NOTE: That we create the distribution only one time in the __init__ method of the intervention. Here, the distribution is part of the parameters, so will appear at self.pars.p_vx. Alternatively, we could create a distribution between update_pars and return, as noted. Please avoid recreating a Starsim distribution on every time step.

class MyVx(ss.Intervention):
    def __init__(self, pars=None, **kwargs):
        super().__init__()
        self.define_states(
            ss.BoolState('vaccinated', label="Vaccinated", default=False)
        )
        self.define_pars(
            # Create a Bernoulli distribution as a module parameter
            # The value p=0.1 is a placeholder, the user will override
            p_vx = ss.bernoulli(p=0.1, name="Vaccination Probability")
        )
        self.update_pars(pars=pars, **kwargs)

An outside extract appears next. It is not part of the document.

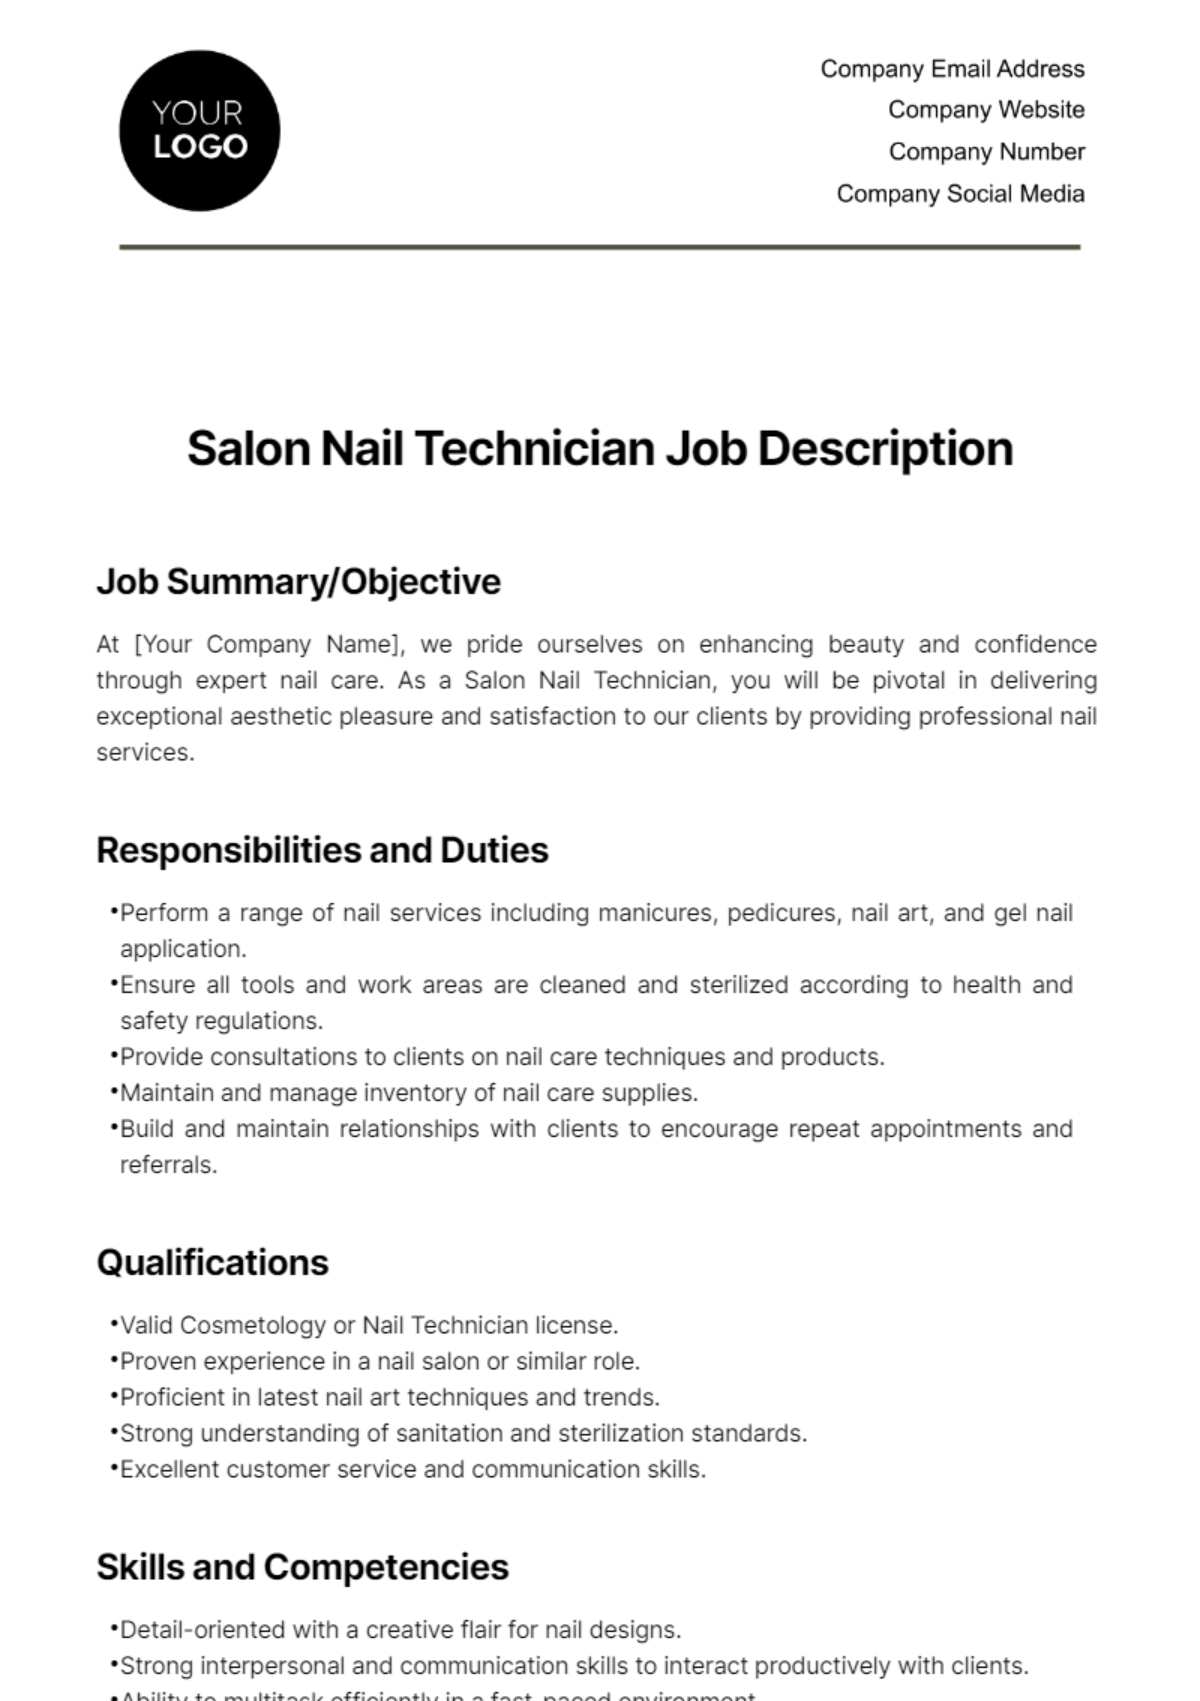 Free Salon Nail Technician Job Description Template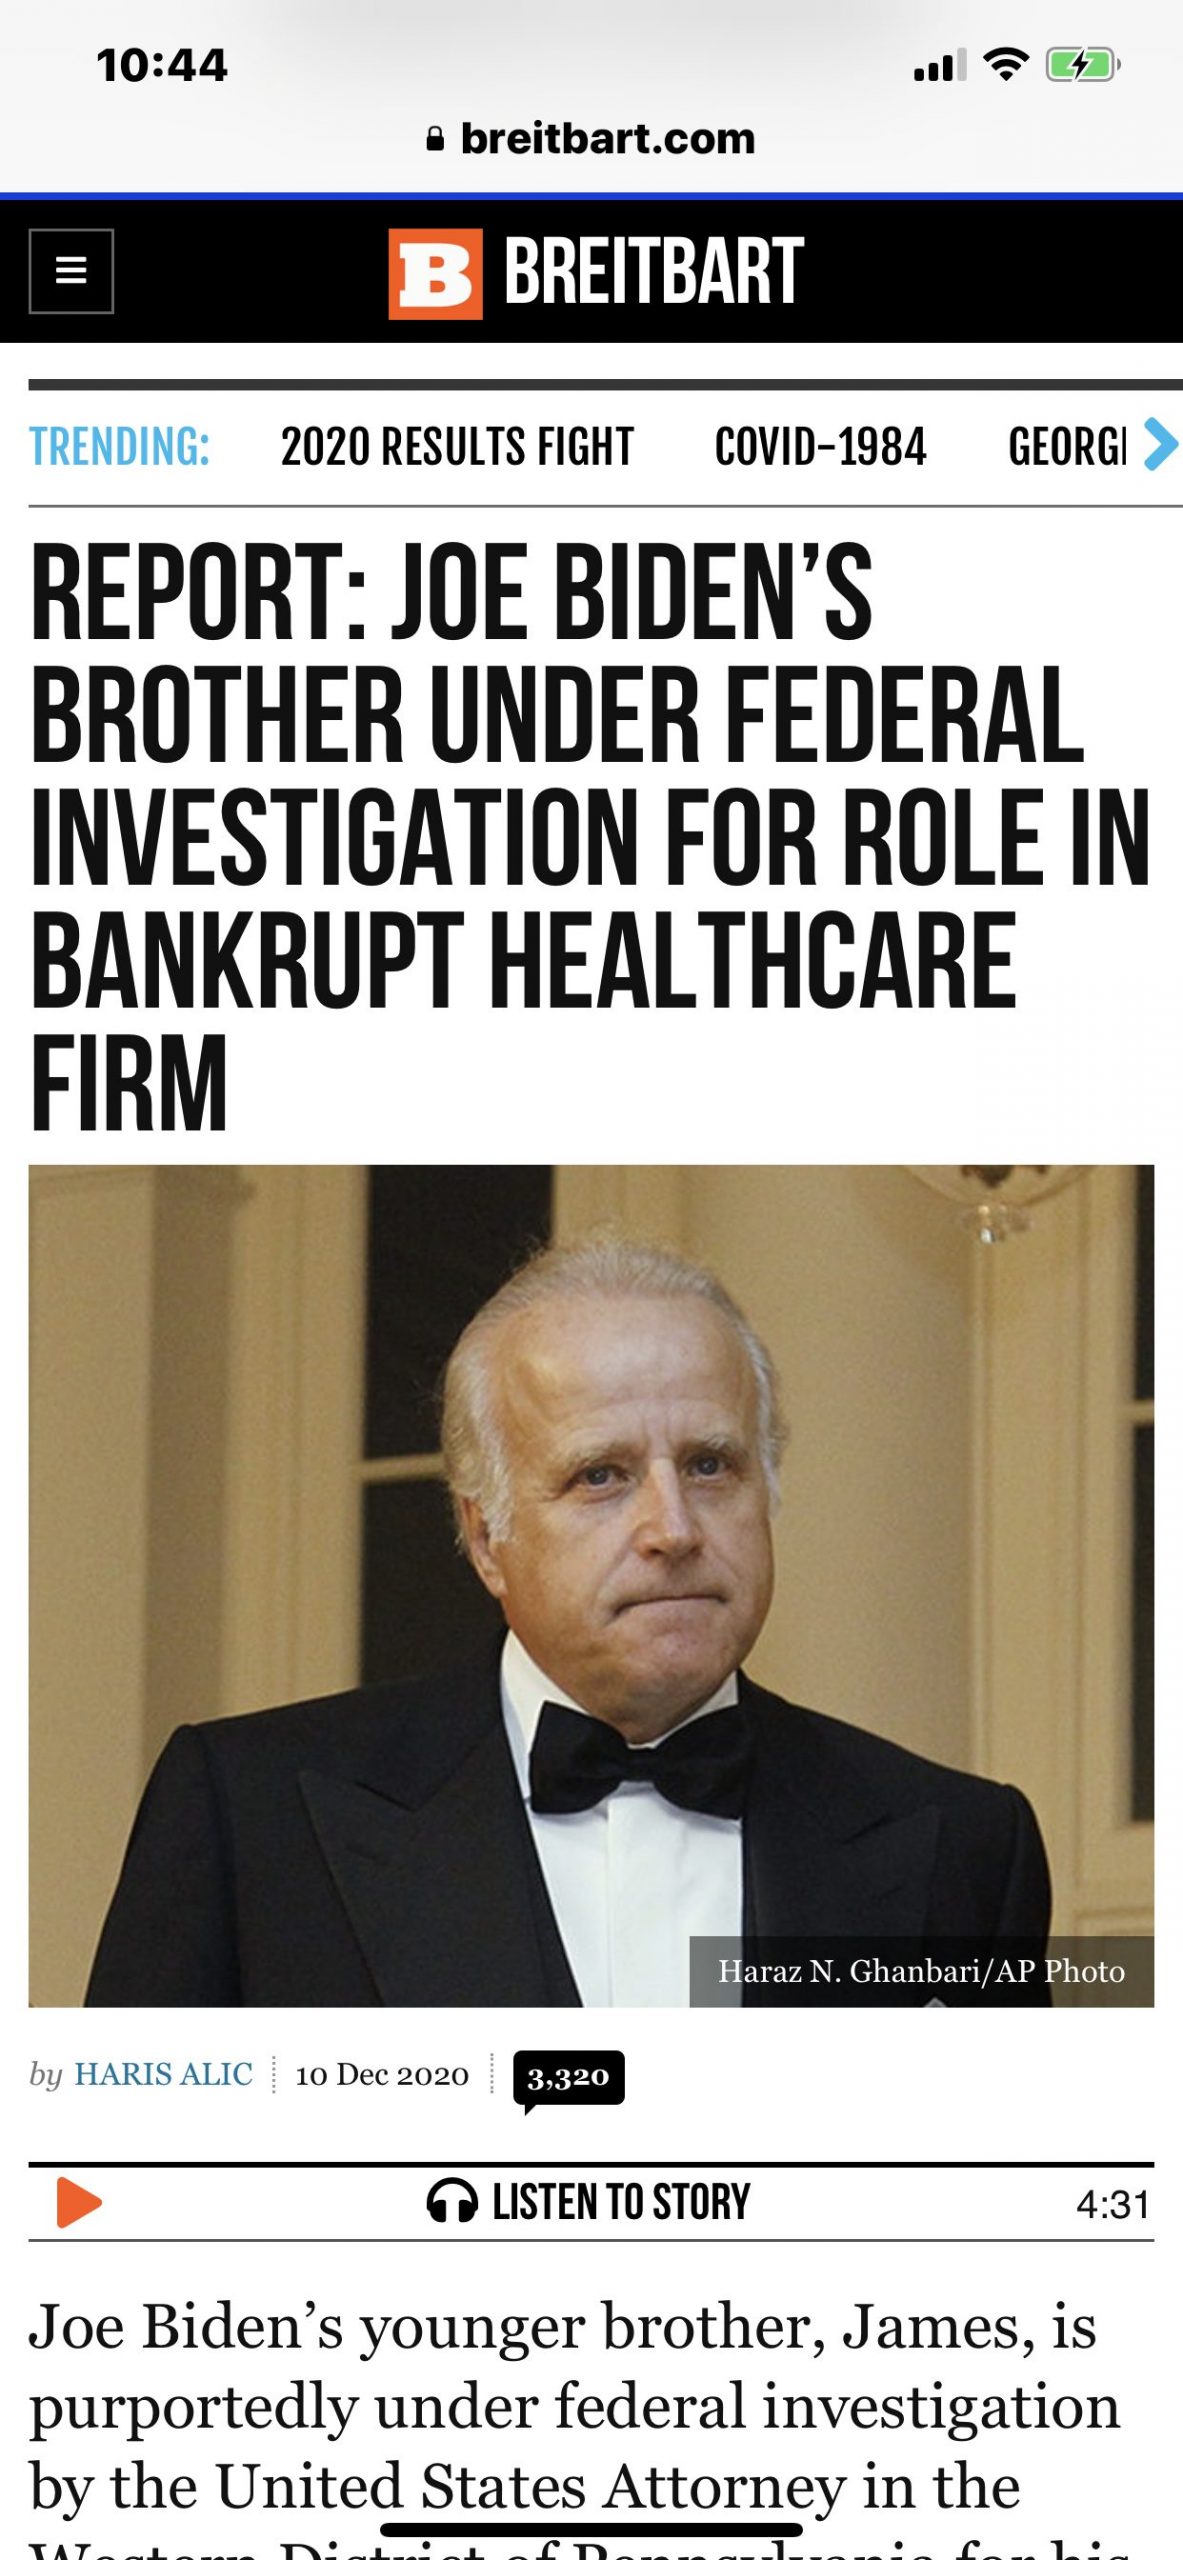 Joe Biden’s brother Jim Biden is under a Federal Investigation for Role in Bankrupt Healthcare

        # NOTE, this is a great place to create other distributions, for example
        # self.my_dist = ss.normal(loc=0, scale=1)

        return

    def init_results(self):
        super().init_results()
        self.define_results(
            ss.Result('new_vx', dtype=int, label="Newly Vaccinated")
        )
        return

    def step(self):
        # Choose which agents to vaccinate
        novx = self.vaccinated == False # Boolean mask
        # Filter to select agents for which the Bernoulli sample is True
        vx_uids = self.pars.p_vx.filter(novx) # <-- can pass in mask or uids
        self.vaccinated[vx_uids] = True  # Set the state to vaccinated
        sim.diseases.sir.rel_sus[vx_uids] = 0.0  # Set susceptibility to 0 for vaccinated agents
        
        # Store the results
        self.results.new_vx[sim.ti] = len(vx_uids)

Now that we have created the intervention, we can configure it with a custom p_vx_func in “user space” and run the simulation.

def p_vx_func(self, sim, uids):
    # Set the probability of vaccination for each agent in uids
    # This is the "dynamic" callable for p_vx

    # Let's only administer the vaccine on the 5th time step
    if sim.ti != 5:
        return 0.0 

    # Set vaccination probability proportional to age
    p = sim.people.age[uids] / 100.0  # Normalize age to a probability between 0 and 1
    p = p.clip(0.0, 1.0)  # Ensure probabilities are between 0 and 1
    return p # p has the same length as uids


vx_intv = MyVx(p_vx = ss.bernoulli(p=p_vx_func))

# Create, run, and plot a sim using the SIR disease model
sim = ss.Sim(n_agents=1000, dur=10, dt=1, start=0,
    diseases=ss.SIR(), # Default SIR disease model
    interventions=[vx_intv],
    networks=ss.RandomNet()
)
sim.run().plot('myvx') # Verify vaccinations only on the 5th time step
Initializing sim with 1000 agents
  Running 0.0 ( 0/11) (0.00 s)  •——————————————————— 9%
  Running 10.0 (10/11) (0.02 s)  •••••••••••••••••••• 100%

Figure(768x576)

See how vaccines were delivered only on time step 5? If we were to look at which agents received the vaccine, we would see probability increasing with age.